Amerika Serikat telah memelopori kecaman atas pengambilalihan kekuasaan oleh militer pekan lalu yang mengganggu transisi rapuh menuju demokrasi di mana kekuasaan dibagi dengan pemerintah sipil.
Presiden Ditawan
Pasukan keamanan Sudan memindahkan Perdana Menteri, Abdalla Hamdok, ke lokasi yang tidak diketahui, Senin 25 Oktober 2021. Pemindahan PM Hamdok terjadi karena ia menolak untuk mengeluarkan pernyataan dukungan terhadap upaya kudeta yang sedang berlangsung.
Saluran televisi yang berbasis di Dubai, Al-Hadath TV, mengatakan bahwa pasukan keamanan telah mengepung rumah perdana menteri beberapa jam sebelum pemerintah mengeluarkan pernyataan resminya, Senin lalu.
“Setelah ia menolak untuk menjadi bagian dari kudeta, pasukan dari tentara menahan Perdana Menteri Abdallah Hamdok dan membawanya ke lokasi yang tidak diketahui,” ungkap pernyataan remsi Kementerian Informasi Sudan sebagaimana dilansir Al-Jazeera.

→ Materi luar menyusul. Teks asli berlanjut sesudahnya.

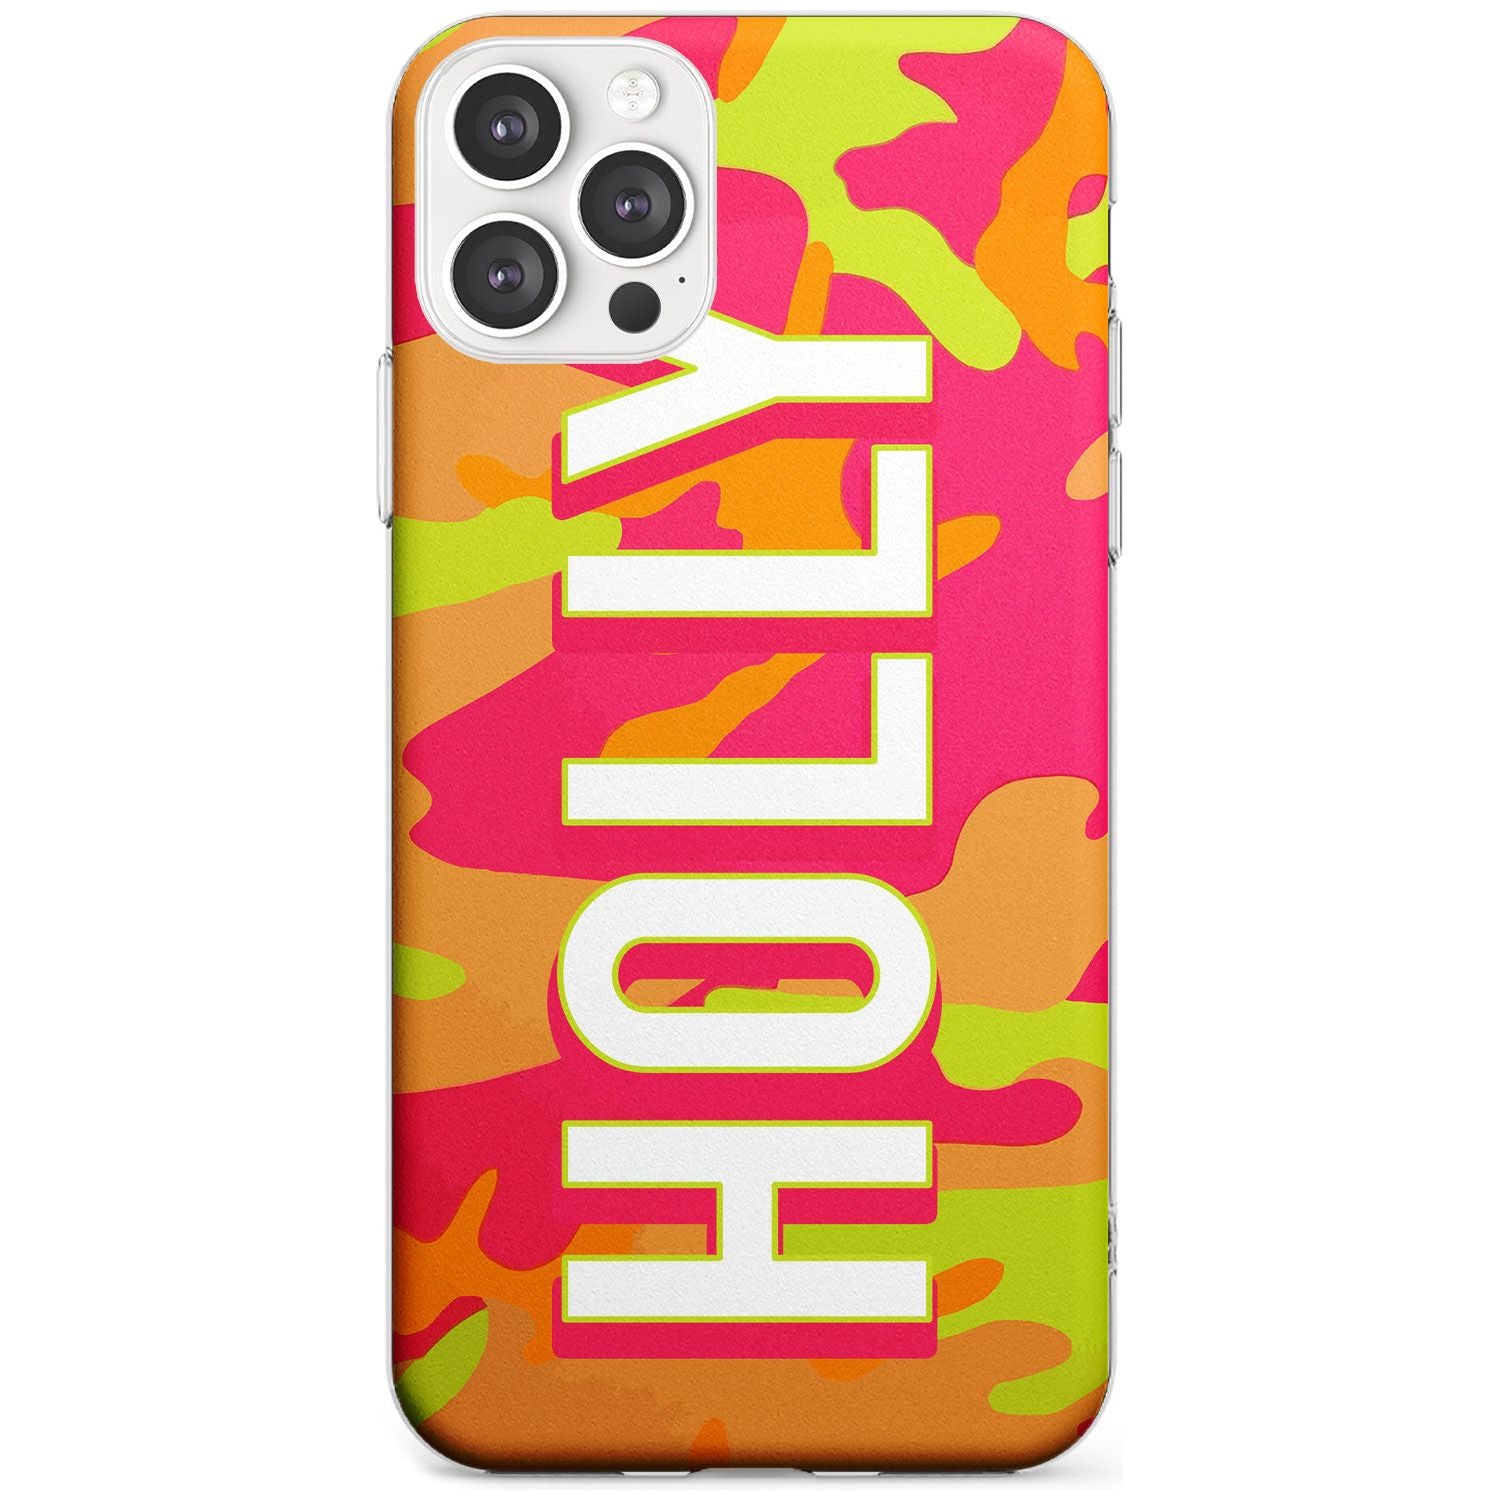 Colourful Neon Camo Black Impact Phone Case for iPhone 11 Pro Max

Selain PM Hamdok, pasukan keamanan Sudan juga menangkap beberapa anggota kepemimpinan sipil nasional. Beberapa pejabat yang mereka tangkap yaitu Menteri Perindustrian, Ibrahim al-Sheikh, dan Gubernur Khartoum, Ayman Khalid. Putri al-Sheikh dan Istri Khalid mengonfirmasi bahwa keluarganya dibawa dari rumah mereka sebelum fajar.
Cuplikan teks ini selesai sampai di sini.